The Book of Psalms often places spiritual redemption in parallel with physical redemption. For example: “Draw nigh unto my soul, and redeem it: // deliver me because of mine enemies” (Psalms 69:18). “Bless the Lord, O my soul, and forget not all his benefits: … who redeemeth thy life from destruction; who crowneth thee with loving-kindness and tender mercies” (Psalms 103:2, 4).
Pâdâh (פָּדָה, Strong's #6299), “to redeem, ransom.” Originally, the usage of this word overlapped with that of pâdâh; both meant “to ransom.” In theological usage, however, each root tended to develop in different directions, so that they can often be considered synonymous only in a very broad sense. Pâdâh indicates that some intervening or substitutionary action effects a release from an undesirable condition. In more secular contexts, it implies a payment of some sort. But 1 Samuel 14:45 indicates that money is not intrinsic in the word; Saul is determined to execute Jonathan for his involuntary transgression, but “… the people rescued Jonathan, that he died not.” Slavery appears as a condition from which one may be “ransomed” (Exodus 21:8; Leviticus 19:20).
The word is connected with the laws of the firstborn. As a reminder of slaying all the Egyptian firstborn but sparing the Israelites, God retained an eternal claim on the life of all Israelite firstborn males, both of men and of cattle. The latter were often sacrificed, “but all the firstborn of my children I redeem” (Exodus 13:15). God accepted the separation of the tribe of Levi for liturgical service in lieu of all Israelite firstborn (Numbers 33:40ff.). However, the Israelite males still had to be “redeemed” (pâdâh) from this service by payment of specified “redemption money” (Numbers 3:44-51).
When God is the subject of pâdâh, the word emphasizes His complete, sovereign freedom to liberate human beings. Sometimes God is said to “redeem” individuals (Abraham, Isaiah 29:22; David, 1 Kings 1:29; and when in the Psalter, e.g., 26:11; 21:5; 71:23); but usually Israel, the elect people, is the beneficiary. Sometimes the redemption or deliverance is proclaimed absolutely (2 Samuel 7:23; Psalms 44:26; Hosea 7:13); but the subject is said to be “ransomed” from a specific oppression. At other times, the reference is less explicit—e.g., from “troubles” (Psalms 25:22) and from “wicked” men (Jeremiah 15:21).
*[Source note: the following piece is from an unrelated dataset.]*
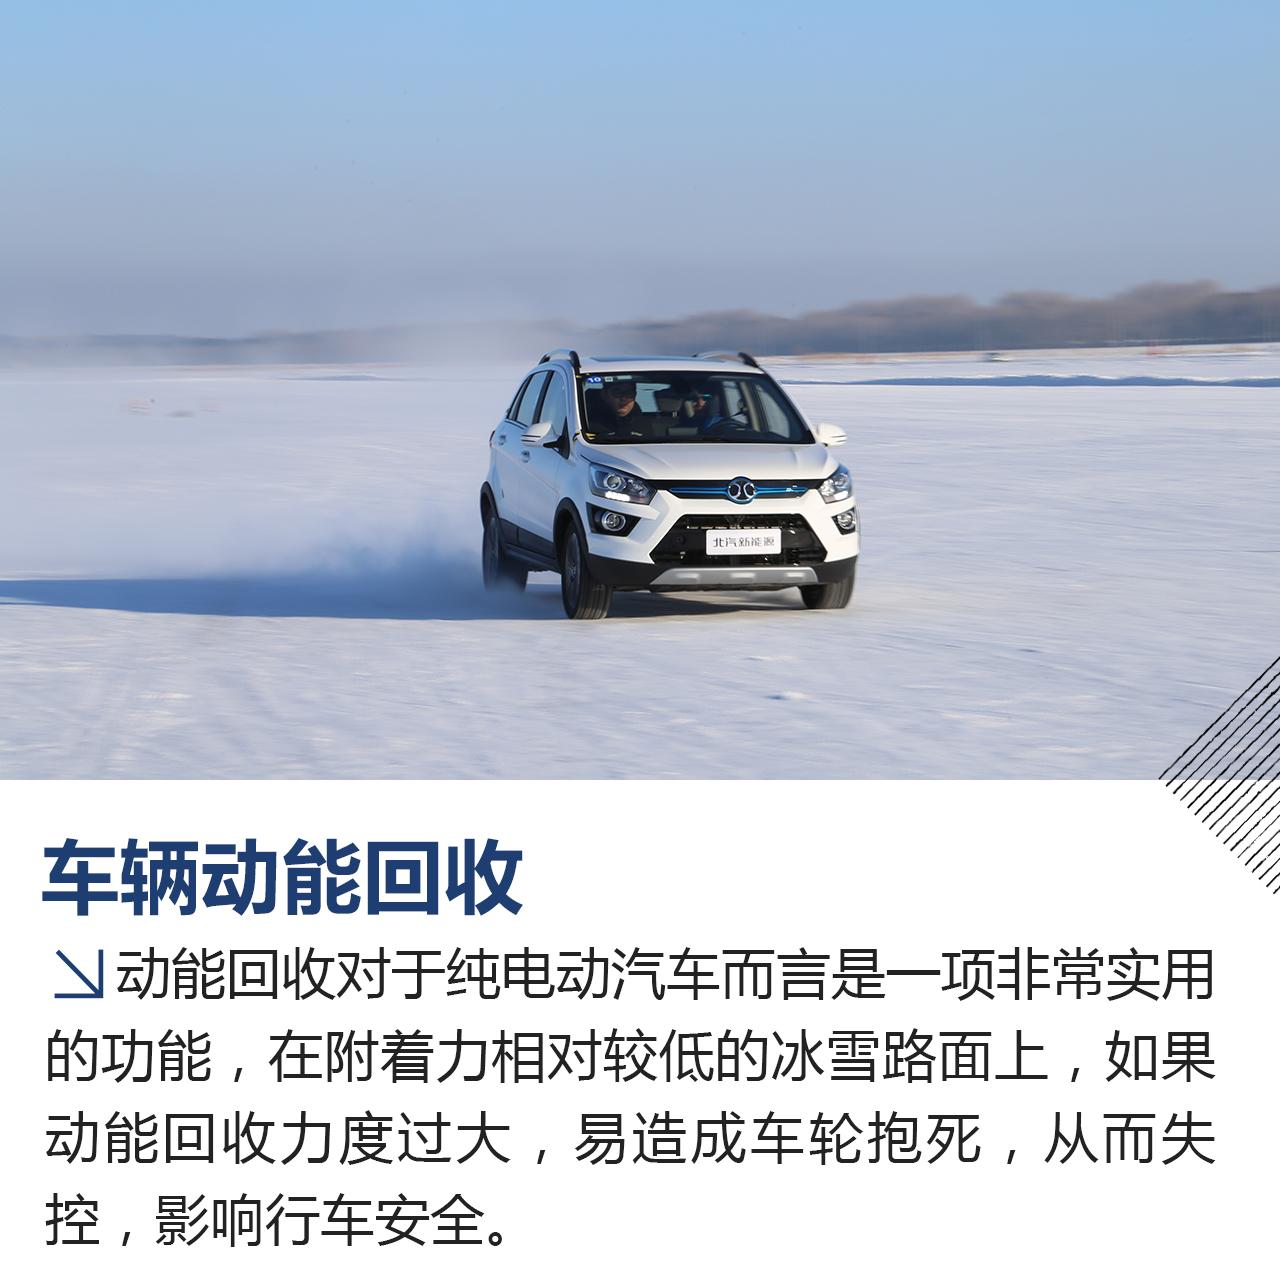 不再惧怕低温 北汽新能源极寒体验

Only once is pâdâh used to describe liberation from sin or iniquity: “And he shall redeem Israel from all his iniquity” (Psalms 130:8).
Kâphar (כָּפַר, Strong's #3722), “to ransom, atone, expiate, propitiate.” Kâphar has an initial secular and non-theological range quite parallel to padah In addition, however, kâphar became a technical term in Israel’s sacrificial rituals. On its most basic level of meaning, kâphar denotes a material transaction or “ransom.”
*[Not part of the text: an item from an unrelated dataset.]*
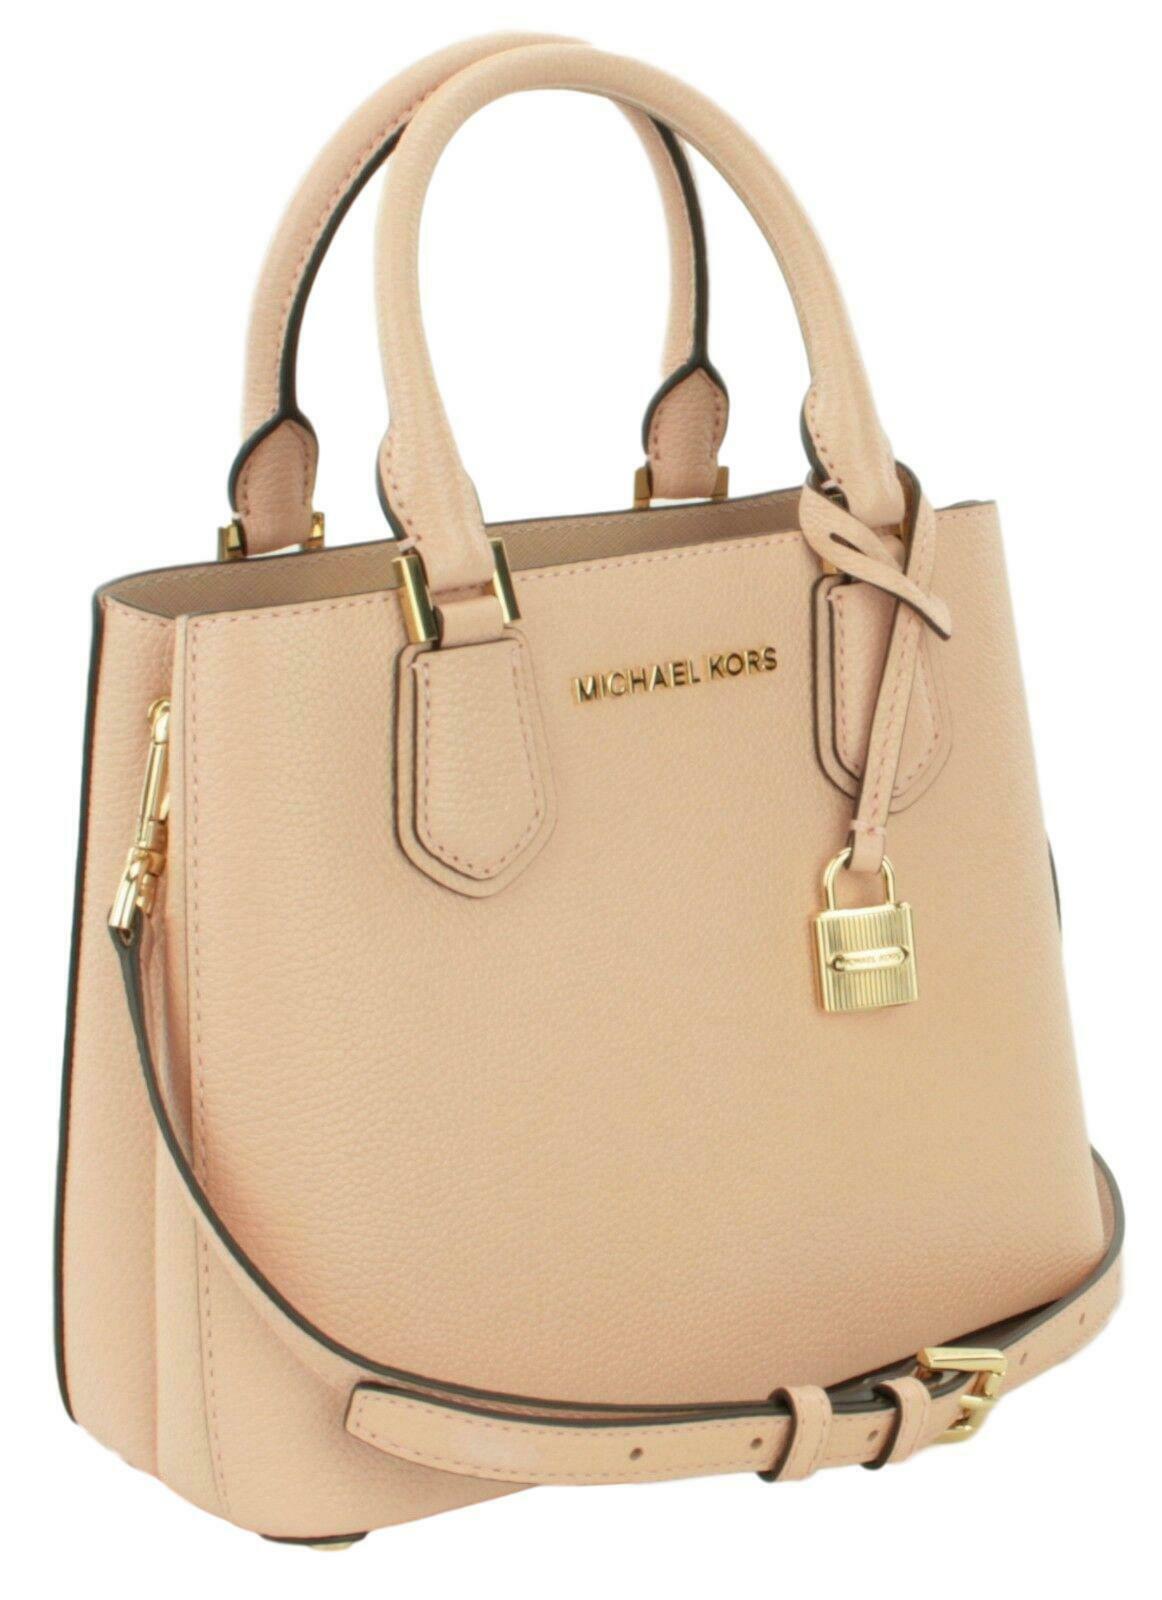 Michael Kors Adele Pastel Pink Leather Shoulder Messenger Bag Handbag image 2

Sometimes man is the subject of kâphar. In 2 Samuel 21:3, David asks the Gibeonites, “… And wherewith shall I make the atonement, that ye may bless the inheritance of the Lord?” He receives in answer the advice to hang seven of Saul’s sons in compensation. In Exodus 32:30, Moses ascends the mountain yet a third time in an effort to “make an atonement” for the people’s sin (apparently merely by intercession, although this is not explicitly stated). Isaiah 27:9 speaks of “purging” Israel’s guilt by banishing idolatrous objects. In Numbers 25:13, Phinehas is said to have “made an atonement for the children of Israel” by spearing a couple during orgiastic worship of Baal.
God is often the subject of kâphar in this general sense, too. In 2 Chronicles 30:18, Hezekiah prays for God to “pardon” those who were not ritually prepared for the Passover. At the conclusion of the Song of Moses, Yahweh is praised because He “will atone for His land and His people” (Deuteronomy 32:43, NASB). Similar general uses of the word appear in Psalms 65:3; 78:38; and Daniel 9:24. Jeremiah once uses kâphar to pray bitterly that Yahweh not “forgive” the iniquity of those plotting to slay him (Jeremiah 18:23), and in Psalms 79:9 the word means “to purge” sin.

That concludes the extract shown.